I implemented my own version of attention + LSTM. Since we don't have h_t in a regular RNN, I just used the last hidden state as h_t, which works just fine.

INPUT_DIM = 100
TIME_STEPS = 20
# if True, the attention vector is shared across the input_dimensions where the attention is applied.
SINGLE_ATTENTION_VECTOR = True
APPLY_ATTENTION_BEFORE_LSTM = False

ATTENTION_SIZE = 128

def attention_3d_block(hidden_states):
    # hidden_states.shape = (batch_size, time_steps, hidden_size)
    hidden_size = int(hidden_states.shape[2])
    # _t stands for transpose
    hidden_states_t = Permute((2, 1), name='attention_input_t')(hidden_states)
    # hidden_states_t.shape = (batch_size, hidden_size, time_steps)
    # this line is not useful. It's just to know which dimension is what.
    hidden_states_t = Reshape((hidden_size, TIME_STEPS), name='attention_input_reshape')(hidden_states_t)
    # Inside dense layer
    # a (batch_size, hidden_size, time_steps) dot W (time_steps, time_steps) => (batch_size, hidden_size, time_steps)
    # W is the trainable weight matrix of attention
    # Luong's multiplicative style score
    score_first_part = Dense(TIME_STEPS, use_bias=False, name='attention_score_vec')(hidden_states_t)
    score_first_part_t = Permute((2, 1), name='attention_score_vec_t')(score_first_part)
    #            score_first_part_t         dot        last_hidden_state     => attention_weights
    # (batch_size, time_steps, hidden_size) dot (batch_size, hidden_size, 1) => (batch_size, time_steps, 1)
    h_t = Lambda(lambda x: x[:, :, -1], output_shape=(hidden_size, 1), name='last_hidden_state')(hidden_states_t)
    score = dot([score_first_part_t, h_t], [2, 1], name='attention_score')
    attention_weights = Activation('softmax', name='attention_weight')(score)
    # if SINGLE_ATTENTION_VECTOR:
    #     a = Lambda(lambda x: K.mean(x, axis=1), name='dim_reduction')(a)
    #     a = RepeatVector(hidden_size)(a)
    # (batch_size, hidden_size, time_steps) dot (batch_size, time_steps, 1) => (batch_size, hidden_size, 1)
    context_vector = dot([hidden_states_t, attention_weights], [2, 1], name='context_vector')
    context_vector = Reshape((hidden_size,))(context_vector)
    h_t = Reshape((hidden_size,))(h_t)
    pre_activation = concatenate([context_vector, h_t], name='attention_output')
    attention_vector = Dense(ATTENTION_SIZE, use_bias=False, activation='tanh', name='attention_vector')(pre_activation)
    return attention_vector

The interface remained same except you don't need Flatten layer anymore:

def model_attention_applied_after_lstm():
    inputs = Input(shape=(TIME_STEPS, INPUT_DIM,))
    lstm_units = 32
    lstm_out = LSTM(lstm_units, return_sequences=True)(inputs)
    attention_mul = attention_3d_block(lstm_out)
    # attention_mul = Flatten()(attention_mul)
    output = Dense(INPUT_DIM, activation='sigmoid')(attention_mul)
    model = Model(input=[inputs], output=output)
    return model

The results seems even better than your original implementation:

image

The process of building attention myself has brought me more questions than answers:

  1. What is SINGLE_ATTENTION_VECTOR? And how could you use K.mean as dimension reduction while all parameters in a are defined in a Dense layer? Doesn't that just mean all weight parameters have the same gradient for each batch and behaves just like one parameter vector and wastes GPU memory for storing the full matrix?
  2. I understand your intuition behind APPLY_ATTENTION_BEFORE_LSTM, but that is not what attention is for and you can pretty much achieve the same results by sending fixed-length input into a fully-connected layer and use the output from that layer as the input of a LSTM layer. "The data at index 10 being important" is not a good feature to learn through attention. Exact index of timestamp should be transparent to attention mechanism.

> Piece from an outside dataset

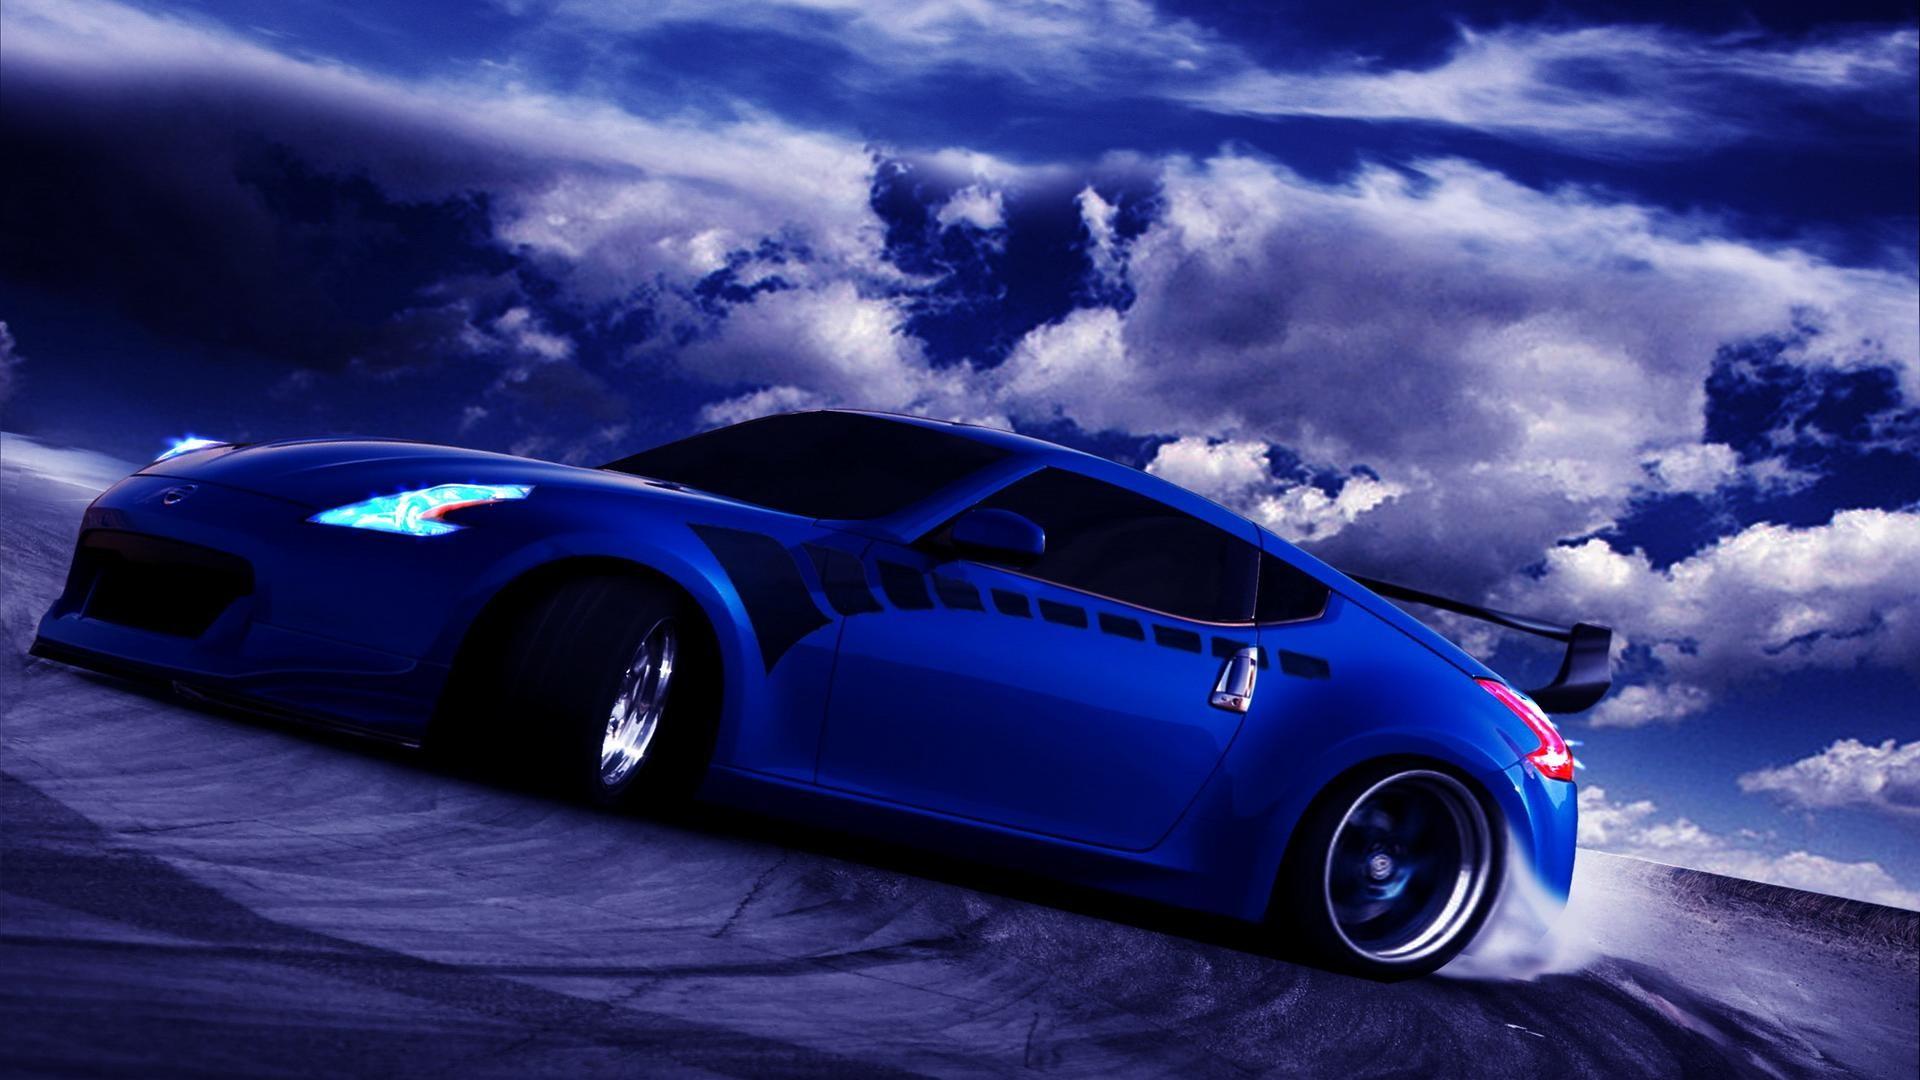 cool rich blue [1920×1080] via Classy Bro

P.S. I have modified get_data_recurrent function a little bit to produce one-hot data as it is more similar to my actual needs.

def get_data_recurrent(n, time_steps, input_dim, attention_column=10):
    """
    Data generation. x is purely random except that it's first value equals the target y.
    In practice, the network should learn that the target = x[attention_column].
    Therefore, most of its attention should be focused on the value addressed by attention_column.
    :param n: the number of samples to retrieve.
    :param time_steps: the number of time steps of your series.
    :param input_dim: the number of dimensions of each element in the series.
    :param attention_column: the column linked to the target. Everything else is purely random.
    :return: x: model inputs, y: model targets
    """
    x = np.random.randint(input_dim, size=(n, time_steps))
    x = np.eye(input_dim)[x]
    y = x[:, attention_column, :]
    return x, y

Being confused about why attention can learn info about specific index in input sequence, I went on and read the code in official tensorflow implementation. I was wrong about the attention_score_vec dense layer which is a.k.a "memory layer" in TF implementation. The weight matrix W is not a (time_steps, time_steps) sized but rather (hidden_size, hidden_size) as shown here. The correct implementation should be:

def attention_3d_block(hidden_states):
    # hidden_states.shape = (batch_size, time_steps, hidden_size)
    hidden_size = int(hidden_states.shape[2])
    # Inside dense layer
    #              hidden_states            dot               W            =>           score_first_part
    # (batch_size, time_steps, hidden_size) dot (hidden_size, hidden_size) => (batch_size, time_steps, hidden_size)
    # W is the trainable weight matrix of attention
    # Luong's multiplicative style score
    score_first_part = Dense(hidden_size, use_bias=False, name='attention_score_vec')(hidden_states)
    #            score_first_part           dot        last_hidden_state     => attention_weights
    # (batch_size, time_steps, hidden_size) dot   (batch_size, hidden_size)  => (batch_size, time_steps)
    h_t = Lambda(lambda x: x[:, -1, :], output_shape=(hidden_size,), name='last_hidden_state')(
        hidden_states)
    score = dot([score_first_part, h_t], [2, 1], name='attention_score')
    attention_weights = Activation('softmax', name='attention_weight')(score)
    # (batch_size, time_steps, hidden_size) dot (batch_size, time_steps) => (batch_size, hidden_size)
    context_vector = dot([hidden_states, attention_weights], [1, 1], name='context_vector')
    pre_activation = concatenate([context_vector, h_t], name='attention_output')
    attention_vector = Dense(128, use_bias=False, activation='tanh',
                             name='attention_vector')(
        pre_activation)
    return attention_vector

score_first_part stands for score_first_part, as part of score.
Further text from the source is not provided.